Still, in spite of prejudices, the music in her turned her steps toward the voice; her slippers made no sound, and she found it. A young girl, a Minorcan, sat under a bower of jasmine, leaning back against her lover's breast; her dark eyes were fixed on the evening star, and she sang as the bird sings, naturally, unconsciously, for the pure pleasure of singing. She was a pretty child. Miss Elisabetha knew her well--Catalina, one of a thriftless, olive-skinned family down in the town. "Not fourteen, and a lover already," thought the old maid with horror. "Would it be of any use, I wonder, if I spoke to her mother?"

Here the lover--the Paul of this Virginia--moved, and the shadows slid off his face; it was Doro!

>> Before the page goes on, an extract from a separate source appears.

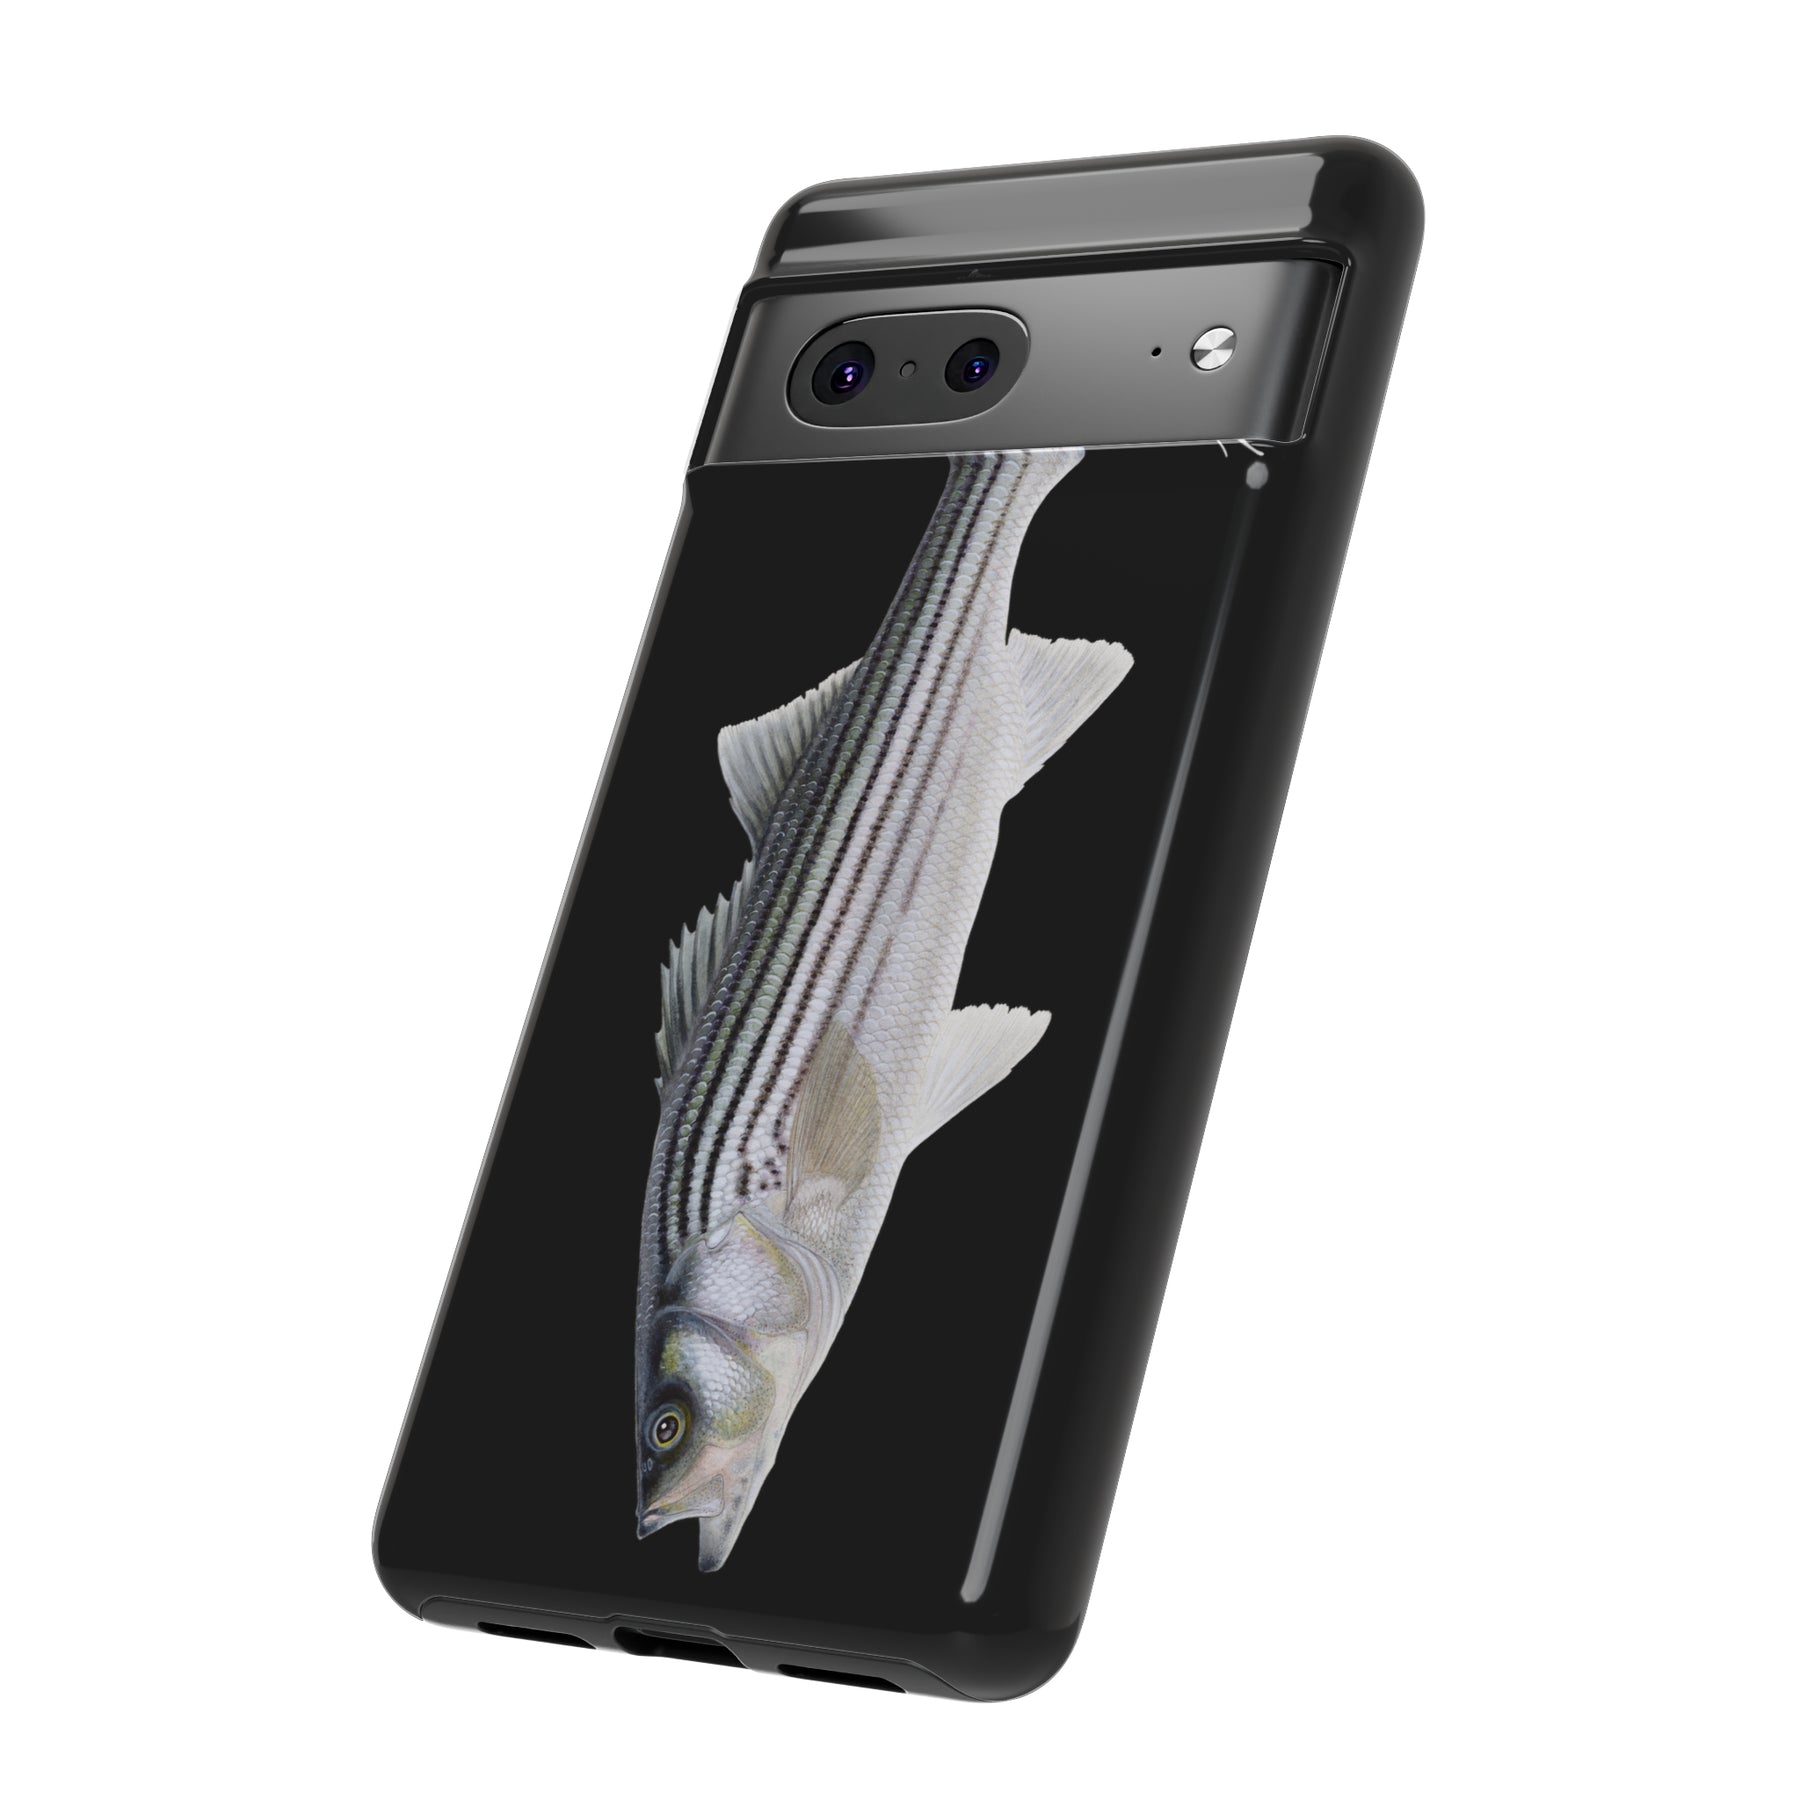 Schoolie Striper Black Phone Case (Samsung)

Alone in her chamber sat Miss Elisabetha. Days had pa.s.sed, but of no avail. Even now the boy was gone to the tumble-down house in the village where Catalina's little brothers and sisters swarmed out of doors and windows, and the brown, broad mother bade him welcome with a hearty slap on the shoulder. She had tried everything--argument, entreaty, anger, grief--and failed; there remained now only the secret, the secret of years, of much toil and many pains. The money was not yet sufficient for two; so be it. She would stay herself, and work on; but he should go.

Before long she would hear his step, perhaps not until late, for those people had no settled hours (here a remembrance of all their ways made her shudder), but come he would in time; this was still his home. At midnight she heard the footfall, and opening the door called gently, "Theodore, Theodore." The youth came, but slowly. Many times had she called him lately, and he was weary of the strife. Had he not told her all--the girl singing as she pa.s.sed, her voice haunting him, his search for her, and her smile; their meetings in the _chaparral_, where she sang to him by the hour, and then, naturally as the bud opens, their love? It seemed to him an all-sufficient story, and he could not understand the long debates.

"And the golden-haired woman," Miss Elisabetha had said; "she sang to you too, Theodore."

"I had forgotten her, aunt," replied the youth simply.

So he came but slowly. This time, however, the voice was gentle, and there was no anger in the waiting eyes. She told him all as he sat there: the story of his father, who was once her friend, she said with a little quiver in her voice, the death of the young widowed mother, her own coming to this far Southern land, and her long labors for him. Then she drew a picture of the bright future opening before him, and bringing forth the bag showed him its contents, the savings and earnings of seventeen years, tied in packages with the contents noted on their labels. "All is for you, dear child," she said, "for you are still but a child. Take it and go. I had planned to accompany you, but I give that up for the present. I will remain and see to the sale of everything here, and then I will join you--that is, if you wish it, dear. Perhaps you will enjoy traveling alone, and--and I have plenty of friends to whom I can go, and shall be quite content, dear--quite content."

"Where is it that you wish me to go, aunt?" asked Doro coldly. They were going over the same ground, then, after all.